Procedí a informarle de los acontecimientos del día, sin reservarme ningún detalle al confesarle que había pasado varias horas con Nicholas Grueman y que no creía que estuviera ni remotamente implicado en nada siniestro.
—Me alegro de que fueras a verle —dijo Wesley—. Esperaba que lo hicieras.
—¿Te sorprende el resultado?
—No. Tiene su lógica. La situación de Grueman se parece un poco a la tuya. Recibe un fax de Jennifer Deighton y eso resulta sospechoso, como resulta sospechoso que se encontraran tus huellas en un sobre que Susan tenía escondido en un cajón de su cómoda. Cuando la violencia golpea cerca de ti, te salpica. Te ensucia.
—Estoy más que salpicada. Tengo la sensación de estar a punto de ahogarme.
—En estos momentos así parece. Quizá tendrías que hablar de eso con Grueman.
No respondí.
—Yo querría tenerlo de mi lado.
—No sabía que lo conocieras.
Hubo un tintineo de cubitos mientras Wesley tomaba un sorbo de whisky. Los adornos de latón del hogar relucían a la luz de las llamas. La madera emitió un chasquido y envió una descarga de chispas chimenea arriba.
—Sé algo de Grueman —dijo al fin—. Sé que fue el primero de su promoción en la Facultad de Derecho de Harvard, que fue director de la Law Review y que le ofrecieron un cargo de profesor en esa universidad pero él lo rechazó. Eso le partió el corazón. Pero su esposa, Beverly, no quería alejarse mucho de Washington. Parece ser que tenía muchos problemas, de los que no era el menor una hija pequeña que había tenido en su anterior matrimonio y que estaba ingresada en Saint Elizabeth cuando Grueman y Beverly se conocieron.
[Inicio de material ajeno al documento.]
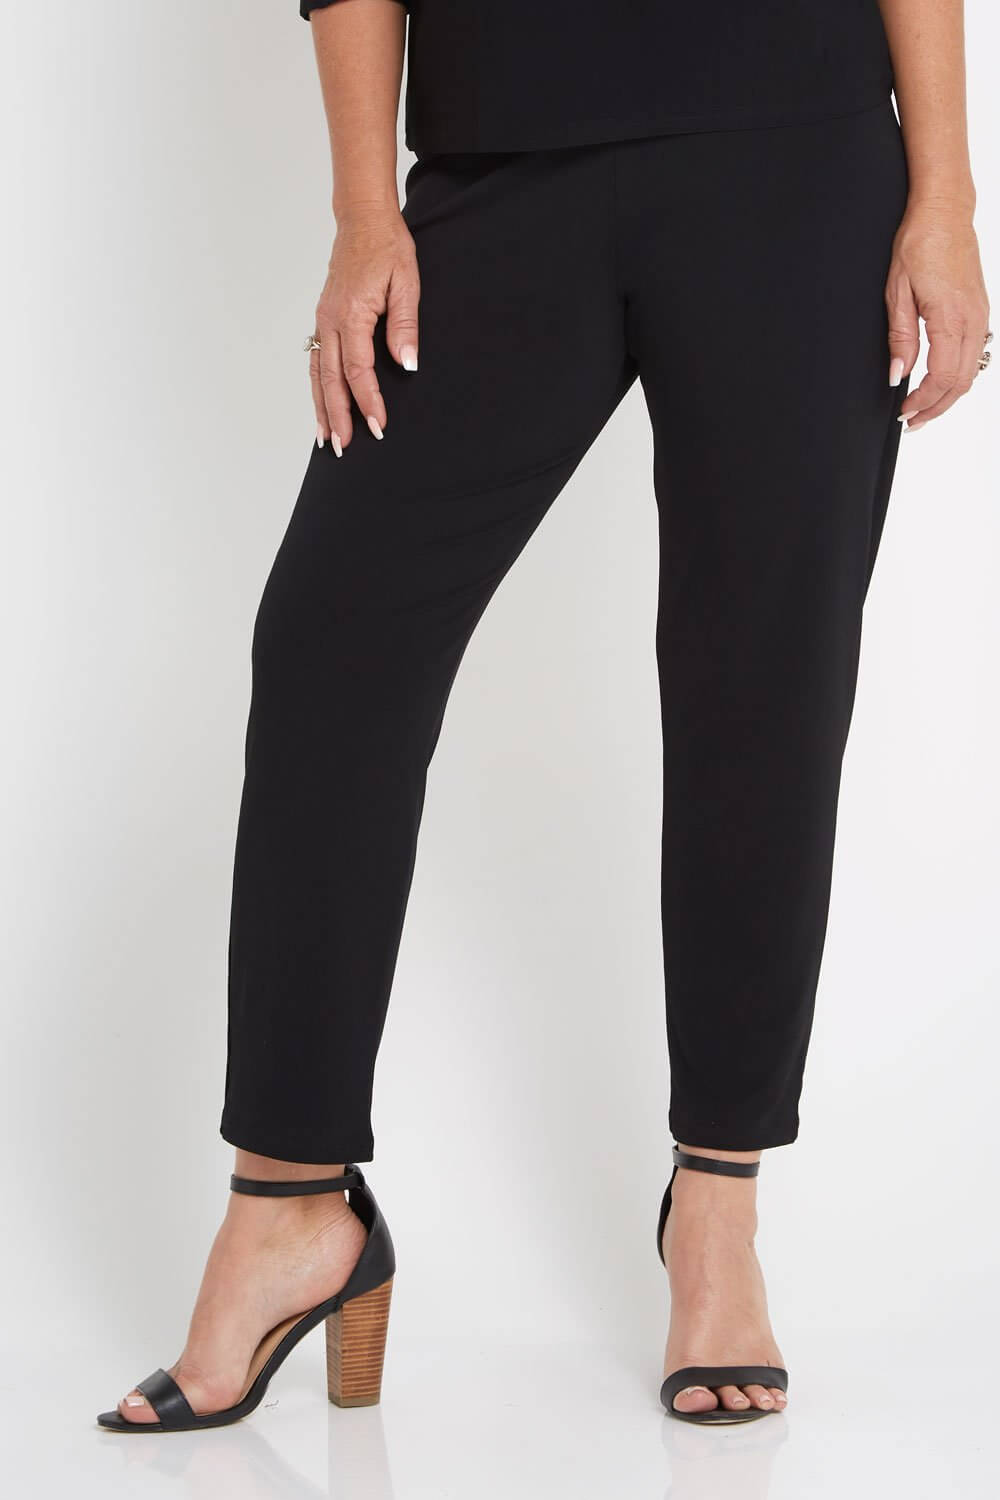 TULO Fashion | Gianna Petite Pants - Black | Australian Made – TULIO ...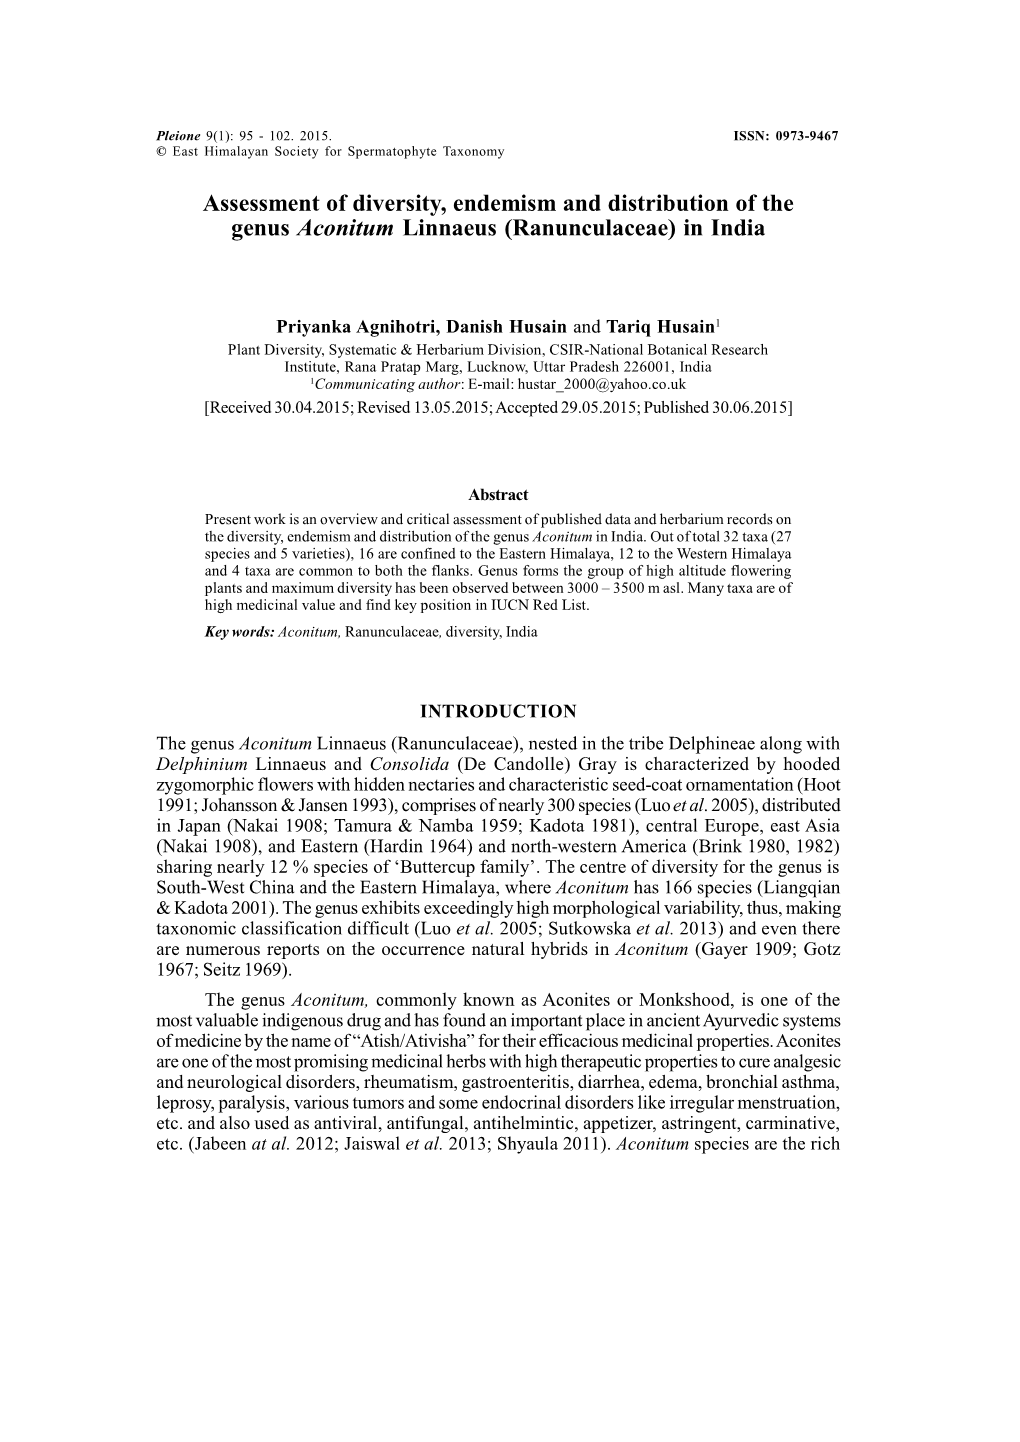 Assessment of Diversity, Endemism and Distribution of the Genus Aconitum Linnaeus (Ranunculaceae) in India

Él se trasladó a Washington. La hija murió al cabo de unos años.
—Has estado investigando su historial —observé.
—Más o menos.
—¿Desde cuándo?
—Desde que supe que había recibido un fax de Jennifer Deighton. Todo parece indicar que está absolutamente limpio, pero aun así alguien tenía que hablar con él.
—No me lo sugeriste sólo por eso, ¿verdad?
—Fue un motivo importante, pero no el único. Me pareció que te convenía volver allí.
Respiré hondo.
—Gracias, Benton. Eres un buen hombre con las mejores intenciones —Se llevó el vaso a los labios y fijó la mirada en el fuego—. Pero, por favor, no te entrometas —añadí.
—No es mi estilo.
—Claro que sí. En eso eres todo un profesional. Si quieres dirigir, impulsar o desconectar a alguien entre bastidores, sabes cómo hacerlo. Sabes cómo crear tantos obstáculos y volar tantos puentes que una persona como yo podría considerarse afortunada si lograra encontrar su camino a casa.